The Frenchman quickly established that the American salesmen coming in and out of the Tourists International office were all illegal. “You’ve got to get permission to work here or you will all be in trouble,” the Frenchman told Sterling. “You are the only legal person so you will be our representative,” Sterling told him. Gentzbourger became the gérant—the legal responsible person—for the office. Part of his job was to get the sales guys out of trouble if they came to the attention of
the Monaco police. Once, a salesman arrived on his moped from Genoa covered with mud, and the police picked him up. Gentzbourger went to vouch for him. His military connections got the man released. “That was the way the business was run in those days,” he recalled in the villa overlooking Cannes, where he now lives.

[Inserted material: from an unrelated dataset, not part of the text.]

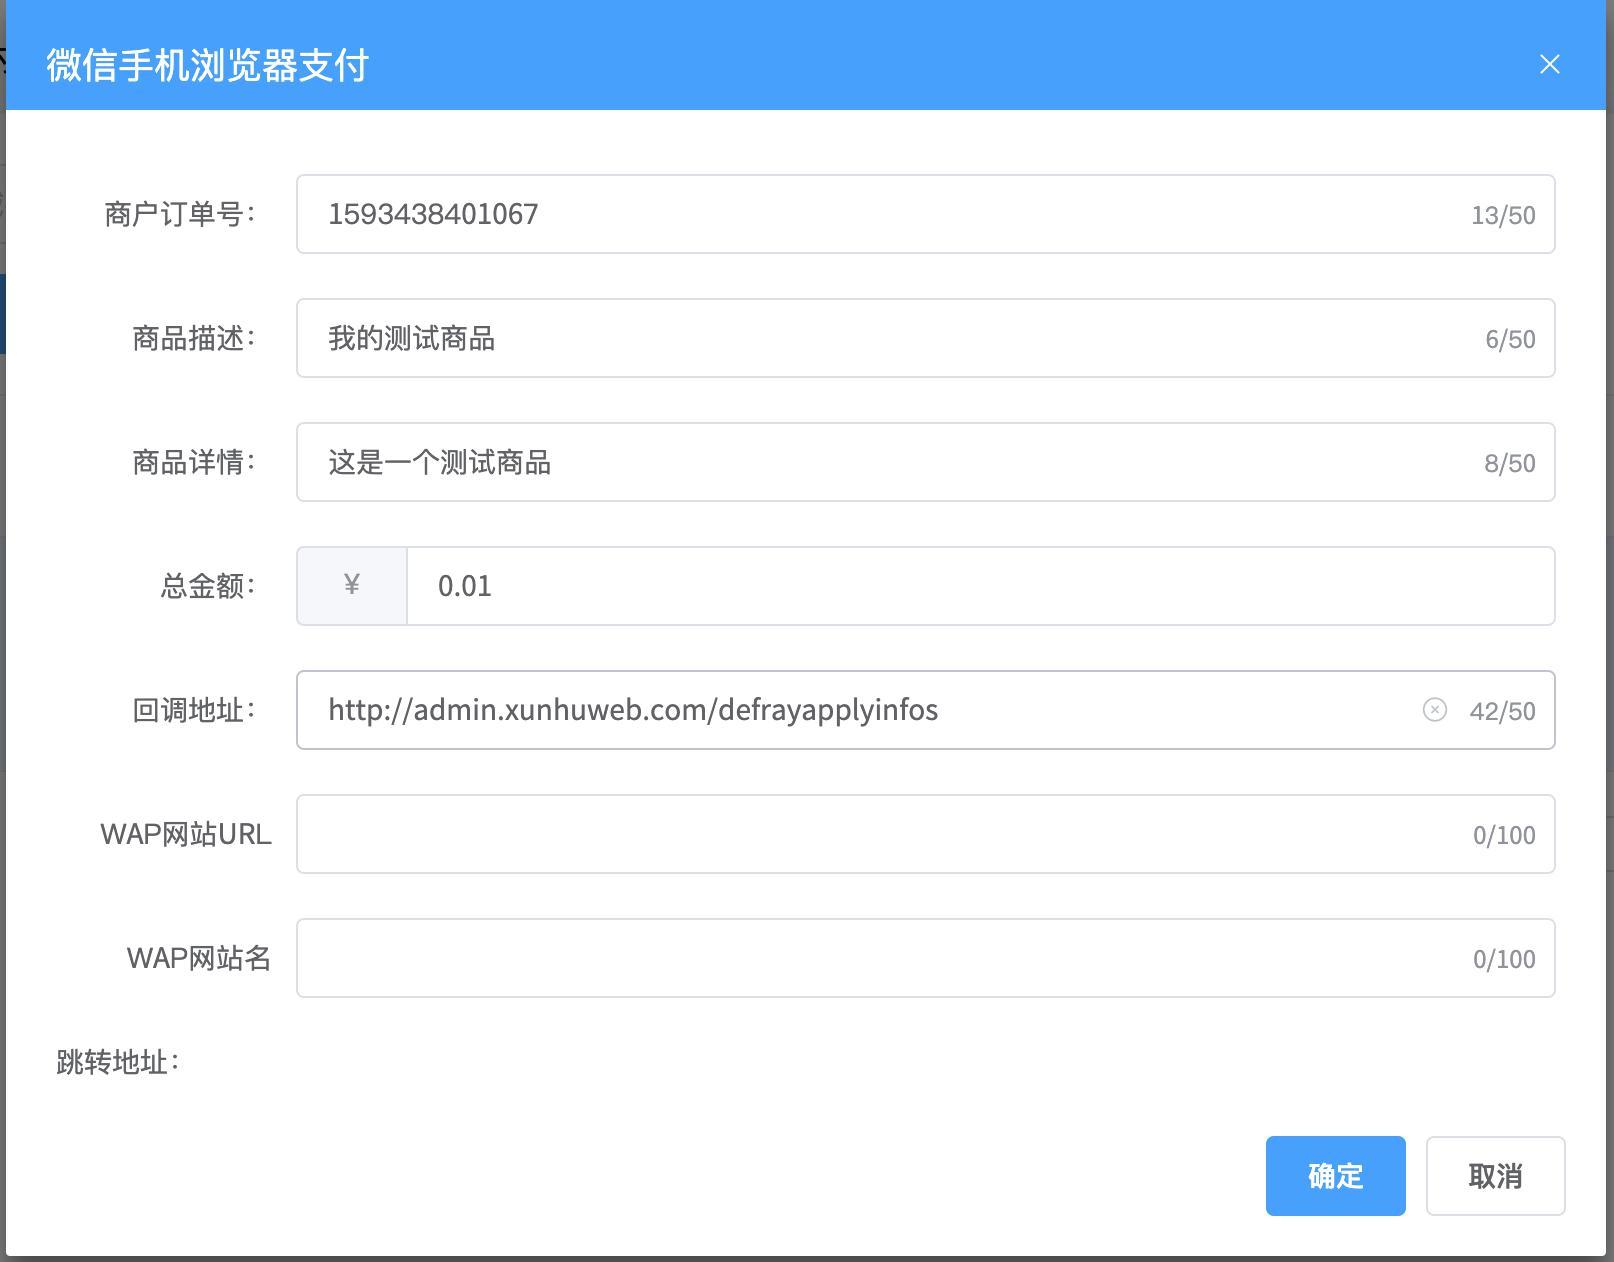 微信H5支付个人接口测试指南

Feeney occasionally came and went, always walking fast, even when lugging heavy suitcases filled with brochures for the fleet. He was forever thinking up new ideas. His next venture was to open a shop in Paris at 12 Rue de la Paix with a novel approach: American tourists, many of whom were doing four countries in four days, could do one-stop shopping at the store and order such items as a cashmere sweater from Scotland, a beaded bag from Austria, Waterford crystal from Ireland, and a leather wallet from Italy and have them all shipped from the country of origin to the customer’s American home as an unaccompanied gift item. There was no need for an inventory, just samples of the merchandise. The shop employed glamorous sales girls to take orders in the lobbies of five big tourist hotels around Paris. Feeney sent Gentzbourger to run the Paris shop. The French fixer said he felt like a pimp when the young women arrived every evening with purses full of cash from the orders. Feeney would drop by when in town. “He would come for a couple of days, and have lunch at La Quesh,” he recalled. “We would sit at the bar. He used to order the plat du jour and when it arrived, it was hoofed down, and we would go. I learned to eat fast. He was always talking, talking, his mind was like Speedy Gonzales, always racing.”